Etc etc. Yes: errors are for flow control. Everyone says not to use
exceptions for flow control, conveniently forgetting that that’s exactly
what they do; the trouble is only that it’s such an opaque mechanism to
casual inspection that sane use of exceptions requires that you
tightly proscribe how they’re used (just like sane use of panic/recover,
it would seem…).
By putting the error-handling front and centre, Golang puts you in a
position where you both can and must decide what to do based on your
errors; the error stanza is an intentional evocation of “I cannot
handle this condition”, where a mere failure to try: may or may not be
deliberate.
And yeah, it’s repetitive, nobody likes that: but a lot of what’s great
about Golang comes from its steadfast refusal to add magic just to
reduce boilerplate.
Nobody Understands Unknown Errors
When you get an unknown error, that signals one thing and one thing
only: that you do not know what happened. I’ll say it again, for
emphasis, because understanding this is so desperately critical to
writing code that behaves properly in challenging circumstances:
An unknown error means you DO NOT KNOW what happened.
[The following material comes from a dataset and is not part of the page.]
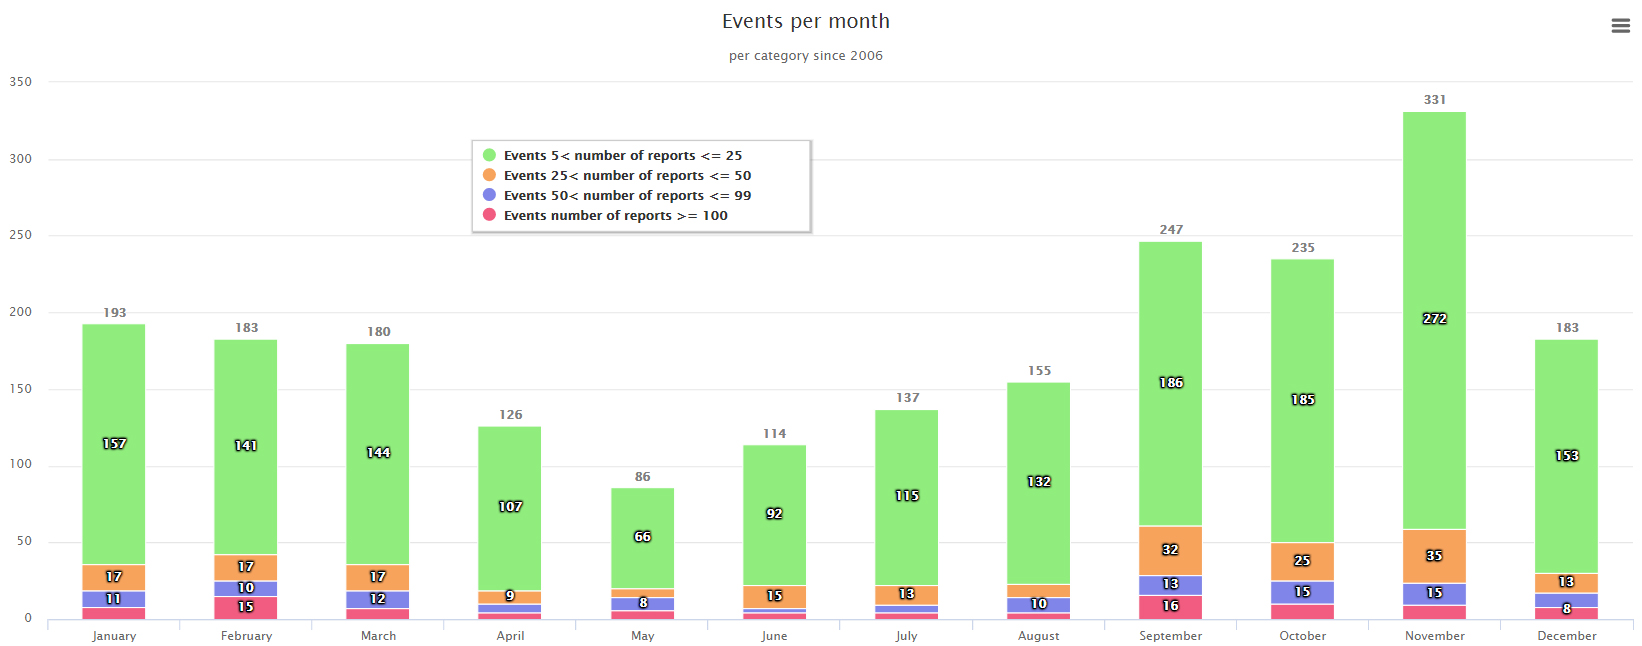 events-per-month-and-category

In particular: an operation that returns an unknown error has NOT
(necessarily) FAILED. Seriously! This is important! When you get an
error you don’t recognise, all you know is that you do not know what’s
going on – to proceed assuming either success or failure will
sometimes be wrong. (Yes, usually it’s harmless to assume failure –
that is certainly the common case. But the weirdest bugs live in the
shadows of the assumptions you don’t even know you’re making, and this
is a really common mistake.)
The only safe thing to do with an unknown error is to stop what
you’re doing and report it up the chain. If you’re familiar with
languages that use exceptions, you should already be comfortable with
this approach; you know that, for example, except: pass is a Bad Idea,
and you know that as soon as an error happens you’ll stop what you’re
doing because the exception machinery will enforce that.
The thing further up the chain then gets to decide whether to retry or
to report it further; this is situational, but you generally shouldn’t
have to worry about it while you’re writing the code that might be
retried. (If you follow the juju-specific advice below then your workers
will always be retried anyway. You might at some point decide you need
finer-grained retry logic; this might be OK, but be sure you need it
before you dive in, it’s hard to write and hard to test.)
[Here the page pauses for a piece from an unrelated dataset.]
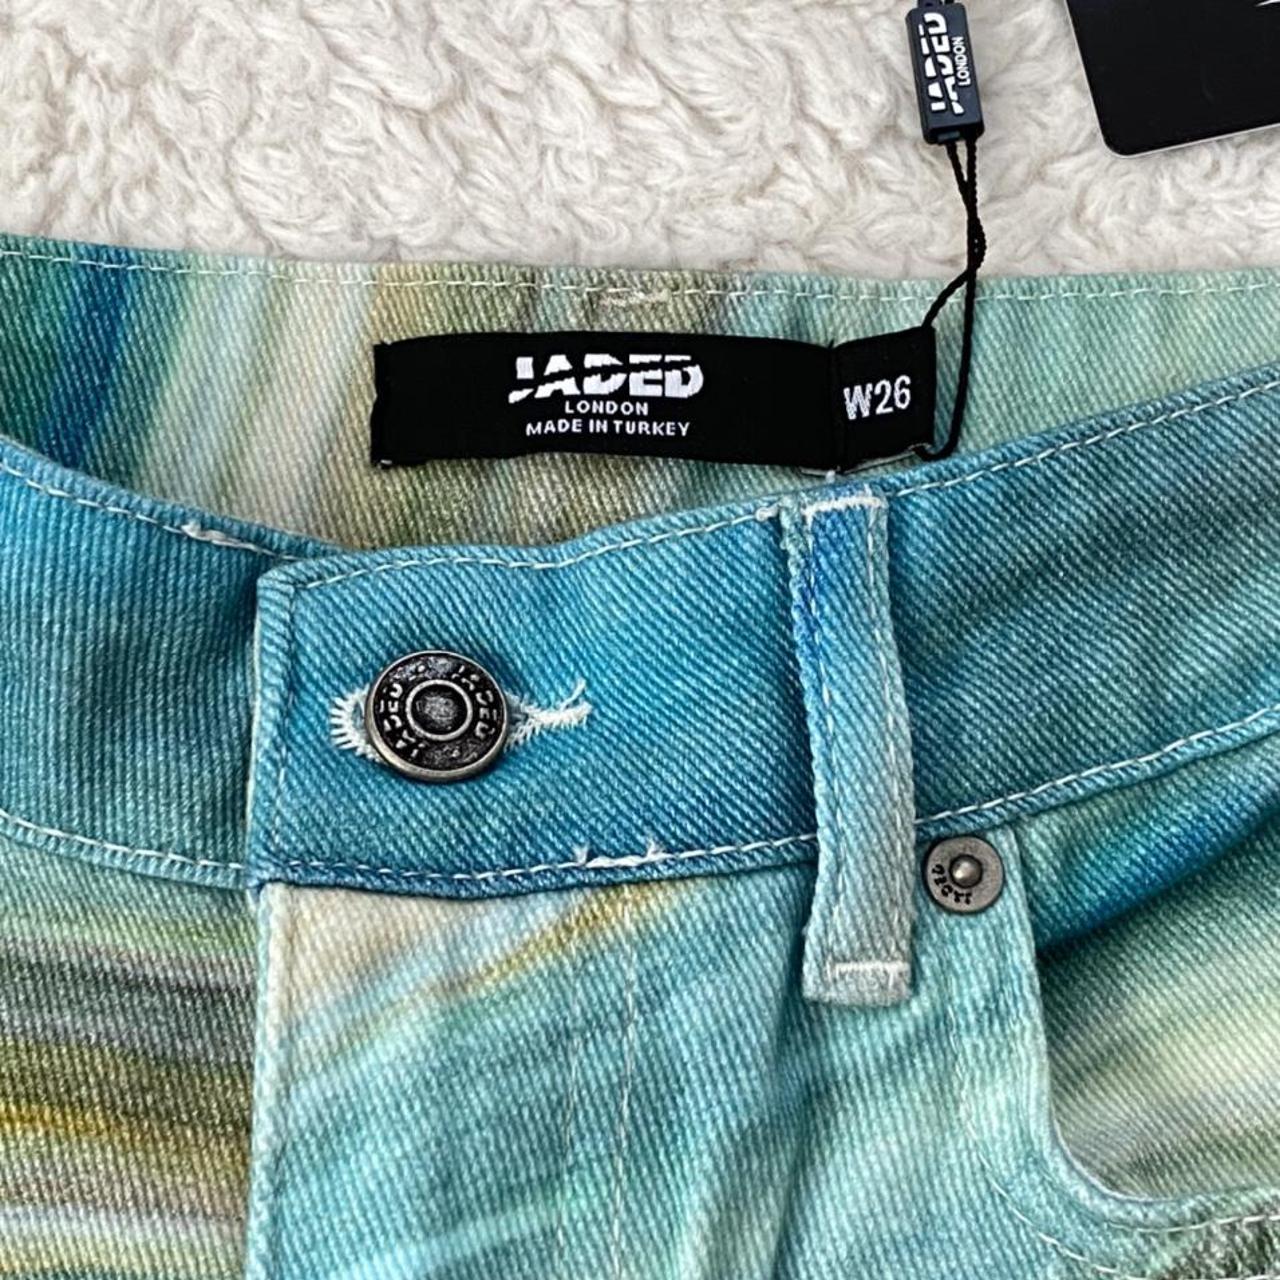 Product Image 3 - Jaded london jeans 
Size 26
Bnwt

‼️AWAY

Nobody Understands Transient Errors
It is tediously common for developers, faced with a reliability problem,
to start off by thinking “well, we need to detect transient errors”.
If you do that, you’ve already screwed up: you’re slicing the set of all
possible errors along the wrong line, and implicitly placing the
infinitude of unknown errors in the set of “permanent” errors; you thus
doom yourself to a literally Sisyphean task of repeatedly discovering
that there’s one more error characteristic that you should treat as a
signal of transience.
What you actually have to do is assume that all errors are transient
until/unless you know otherwise: that is, your job is to detect and
handle or report the permanent errors, the ones that stand no chance
of being addressed without out-of-band intervention.
There will probably still be cases you miss, so it doesn’t guarantee
that your error handling will stand unchanged forever; but what it
does mean is that your component can be fairly resilient in the face
of reality, and might not develop a reputation for collapsing in a
useless heap every time it encounters a new situation.
As noted above, juju has mechanisms for taking these issues off your
plate: see discussion of dependency.Engine in particular.
Trace Errors With Abandon
Tracebacks are a crutch to work around unsophisticated error design.
Sadly nobody really seems to know how to design errors so nicely as to
work around the need for something to tell you what code generated the
error; so, pretty much always, return the errors.Trace of an error.
(There are situations when a Trace is not quite ideal: consider
worker.Worker.Wait, which is reporting an error from another
context rather than returning an error from a failed operation. But
the annoyance of extra traces pales into insignificance beside that of
missing traces, so the two-word advice is “always Trace”.)
Annotate Errors With Caution
Imagine you’re a user, and you try to do something, and you see
something like this.
ERROR: cannot add unit riak/3: cannot assign "riak/3" to machine "7": machine 7 no longer alive: not found: machine 7: machine not found.
Horrible, innit? Inconsistent, stuttery, verbose… alarmingly familiar.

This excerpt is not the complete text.